What to produce: Could you repeat the listing below exactly while leaving its pictures behind?

** Opening Supplied data block **

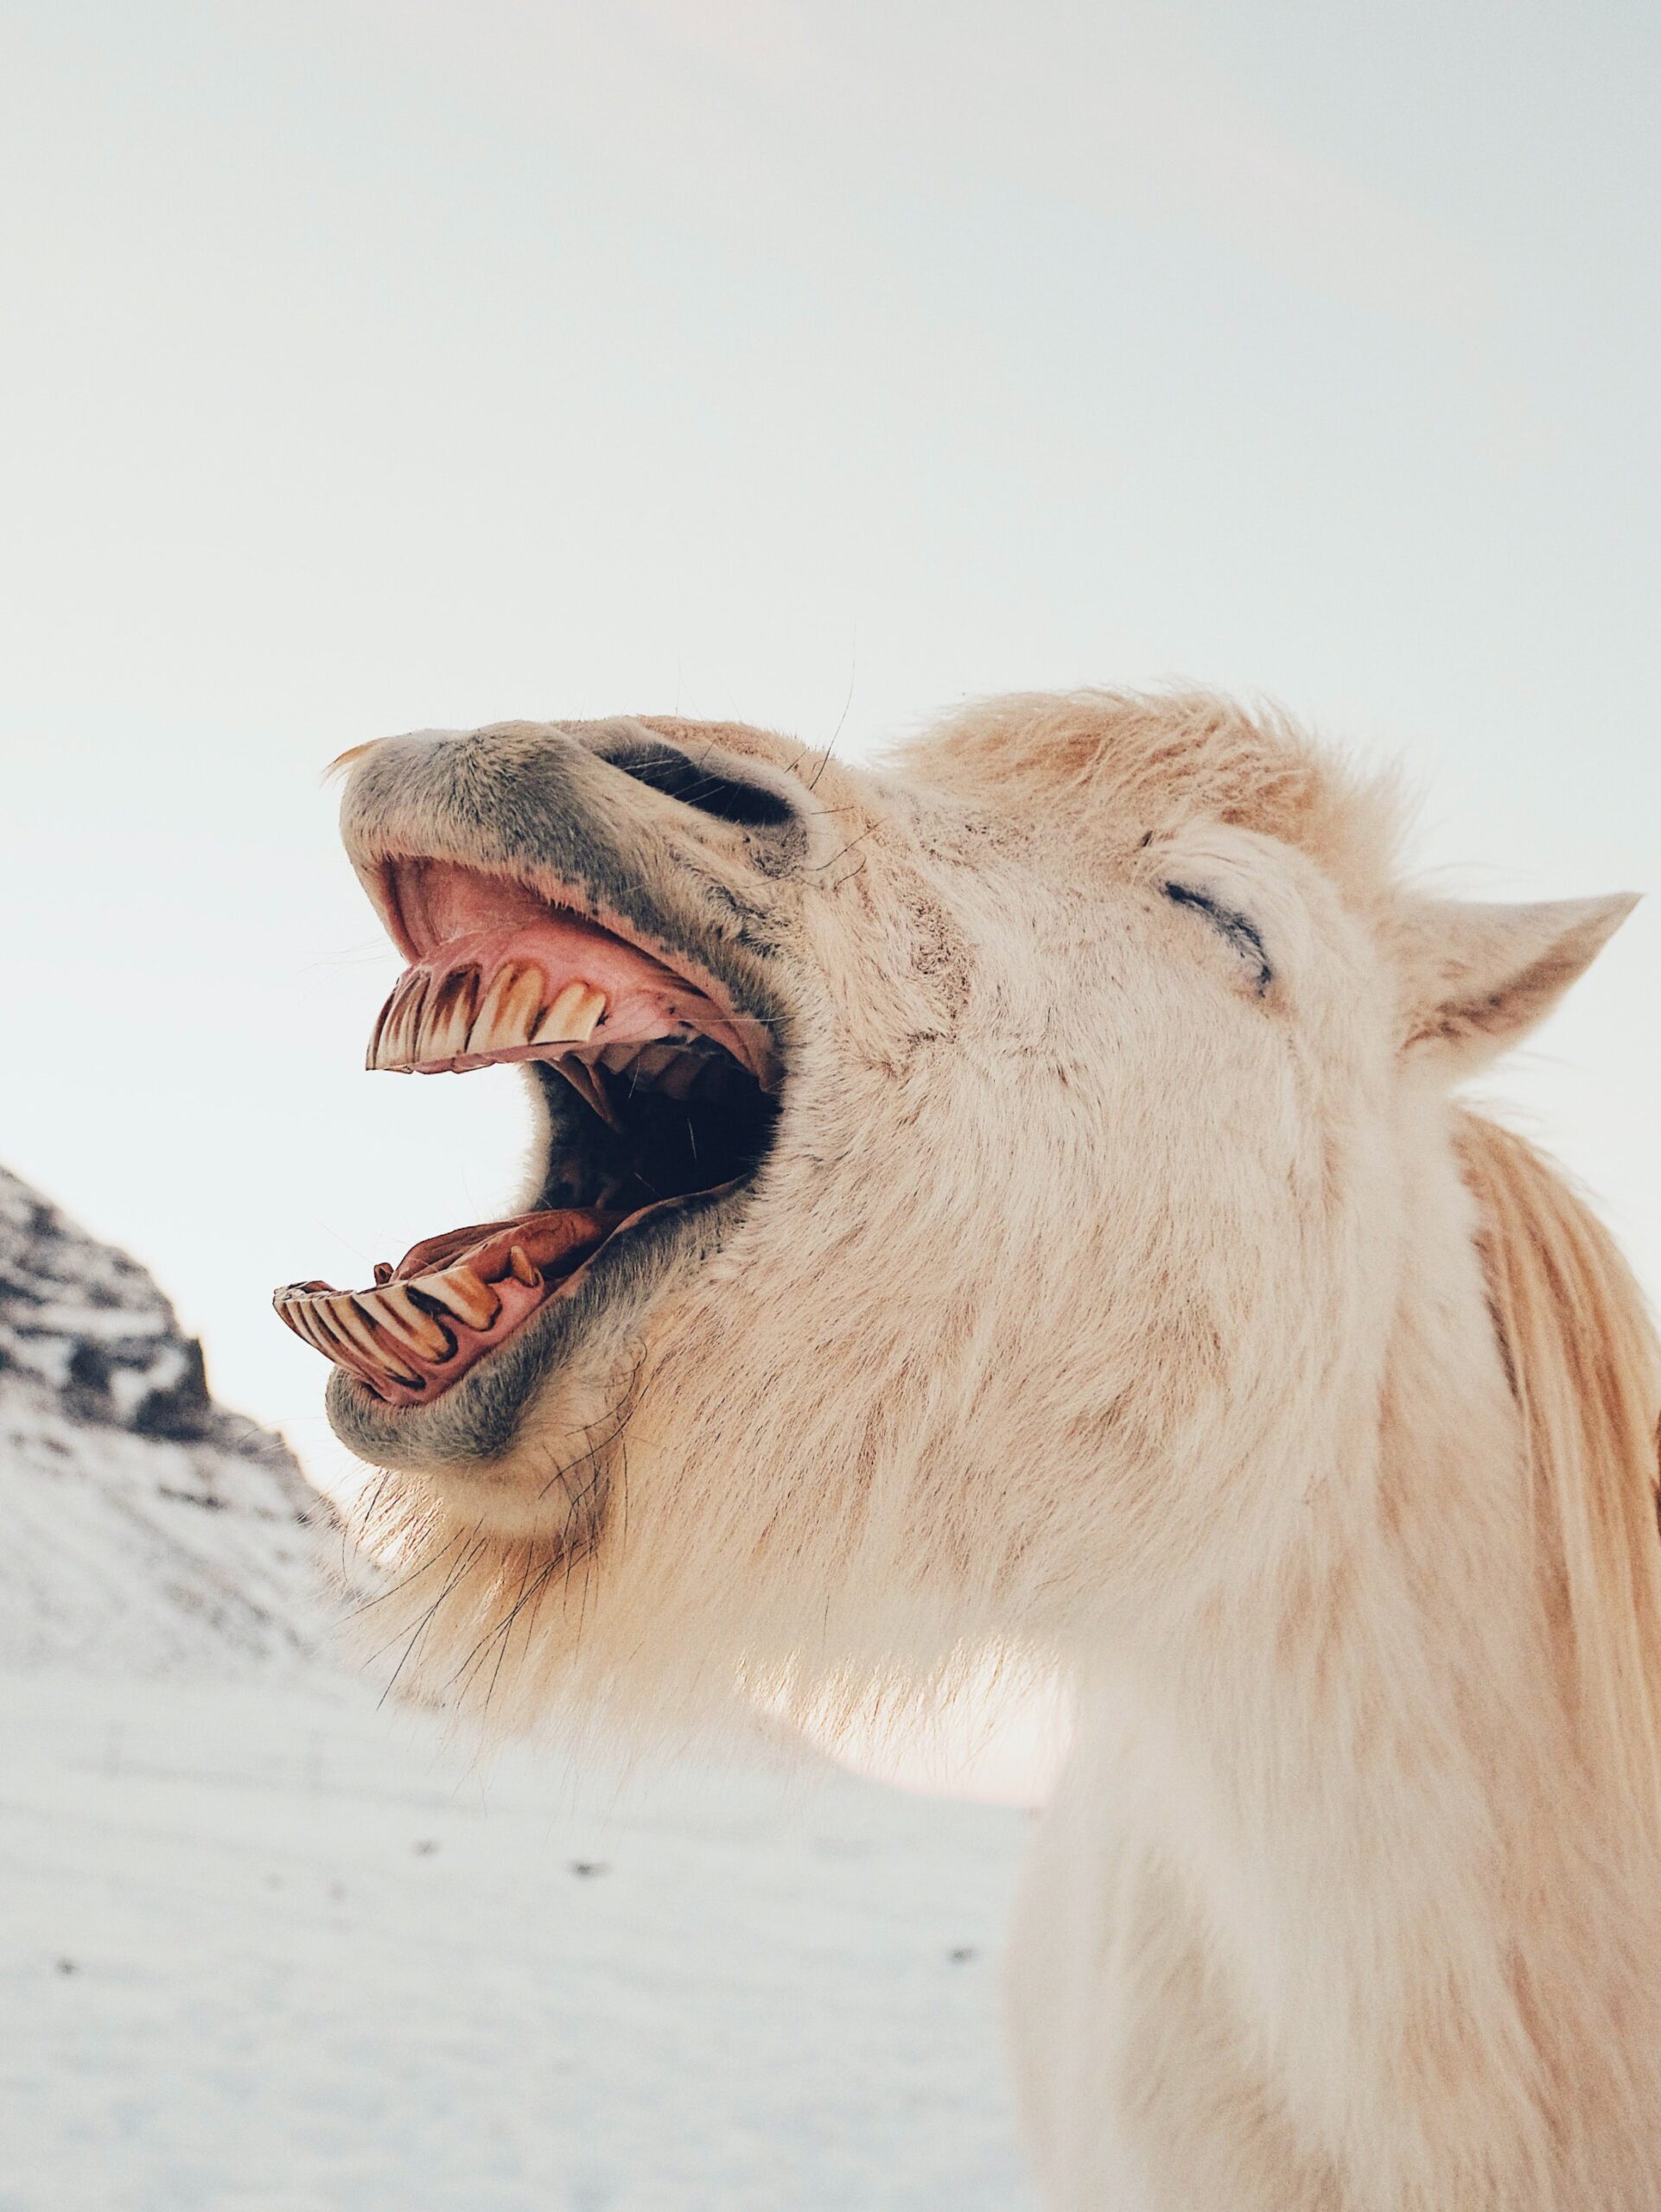 Lessons From The Story Of Balaam’s Talking Donkey
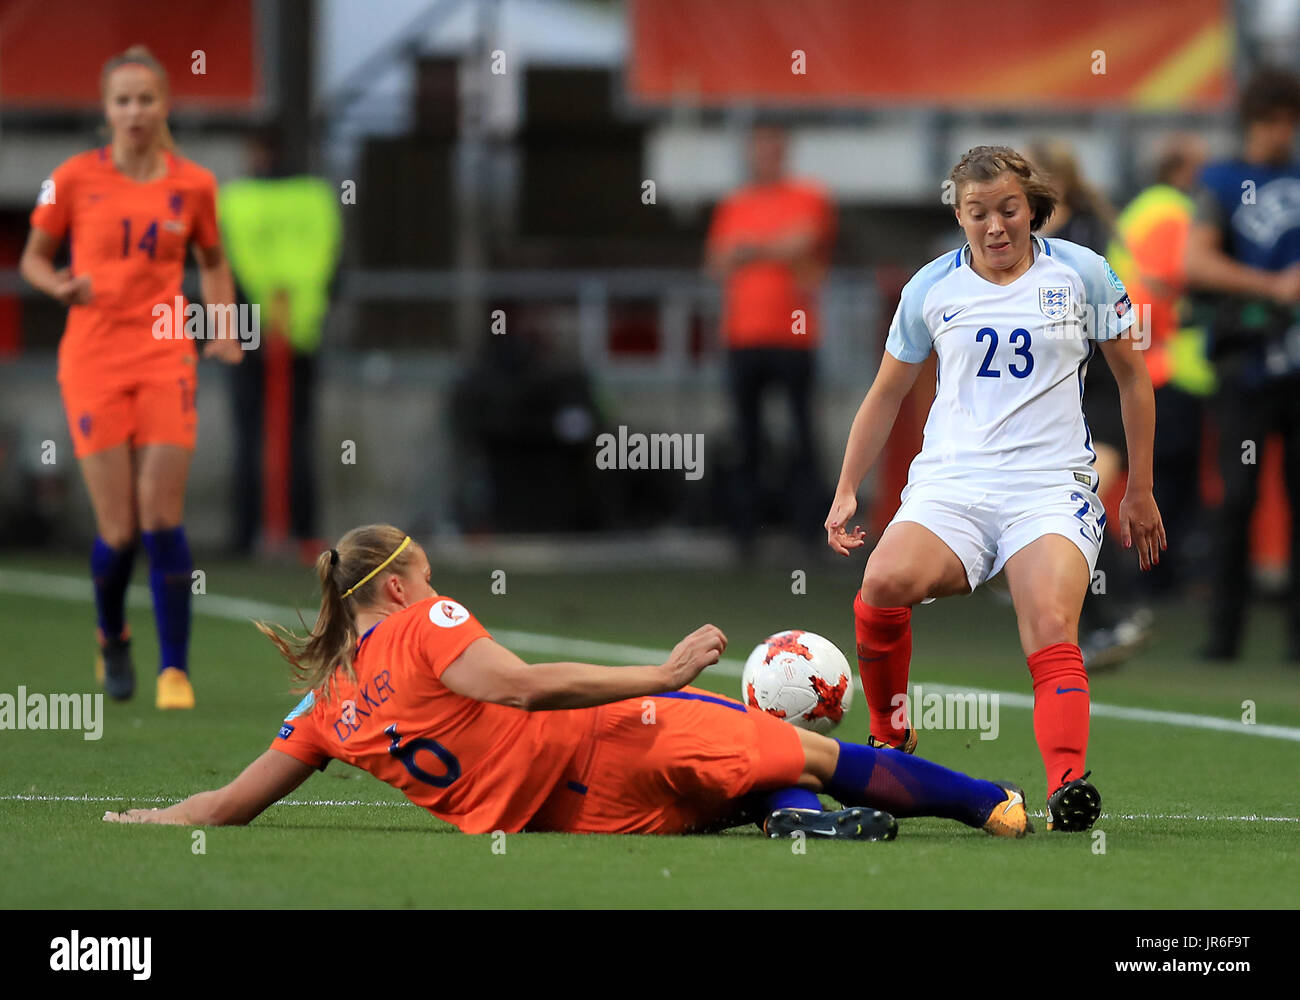 Netherland's Anouk Dekker (left) and England's Francesca Kirby (right) battle for the ball during the UEFA Women's Euro 2017 match at the De Grolsch Veste, Enschede. Stock Photo
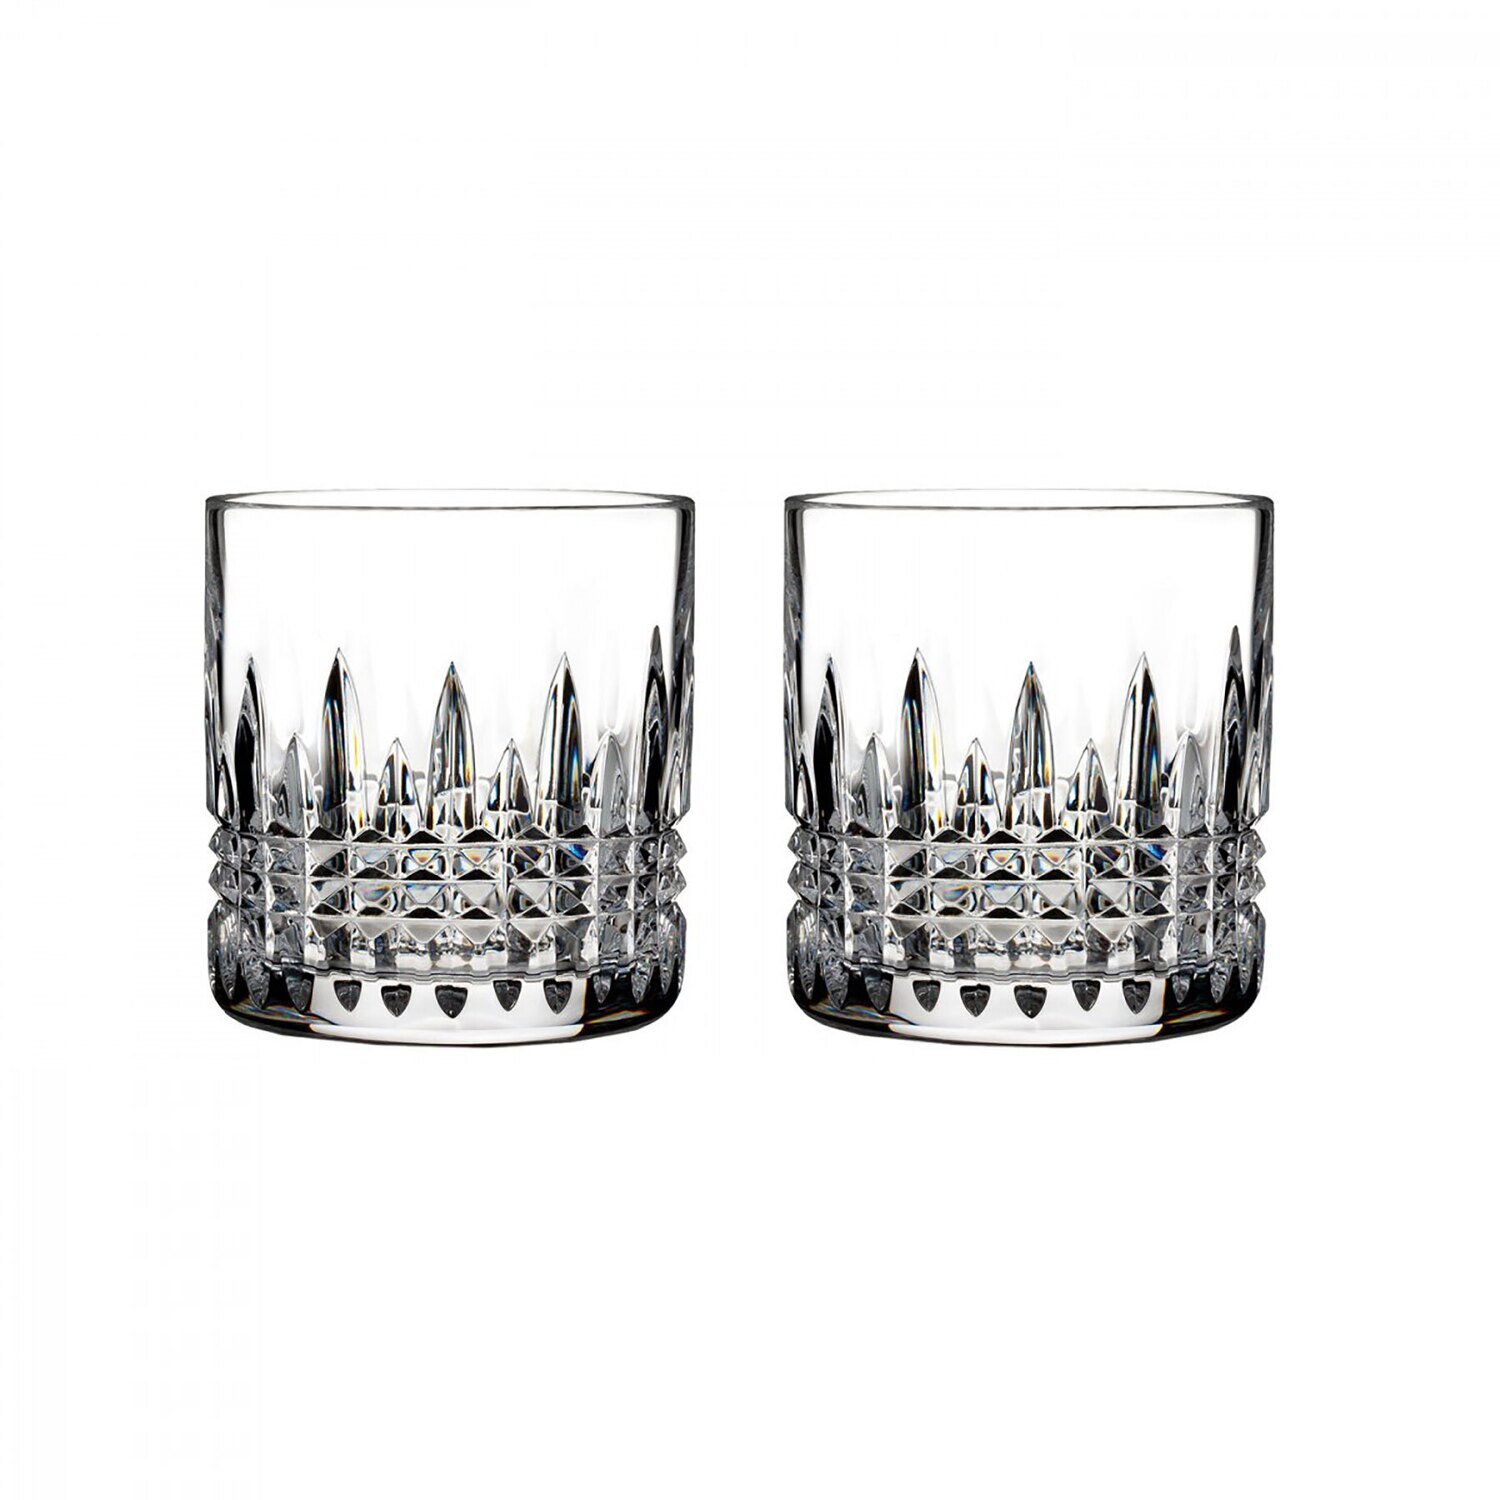 Waterford Lismore Connoisseur Diamond Straight Sided Tumbler 7 Oz Set of 2 40010701

** Closing Supplied data block **

Response:
 Lessons From The Story Of Balaam’s Talking Donkey
 Netherland's Anouk Dekker (left) and England's Francesca Kirby (right) battle for the ball during the UEFA Women's Euro 2017 match at the De Grolsch Veste, Enschede. Stock Photo
 Waterford Lismore Connoisseur Diamond Straight Sided Tumbler 7 Oz Set of 2 40010701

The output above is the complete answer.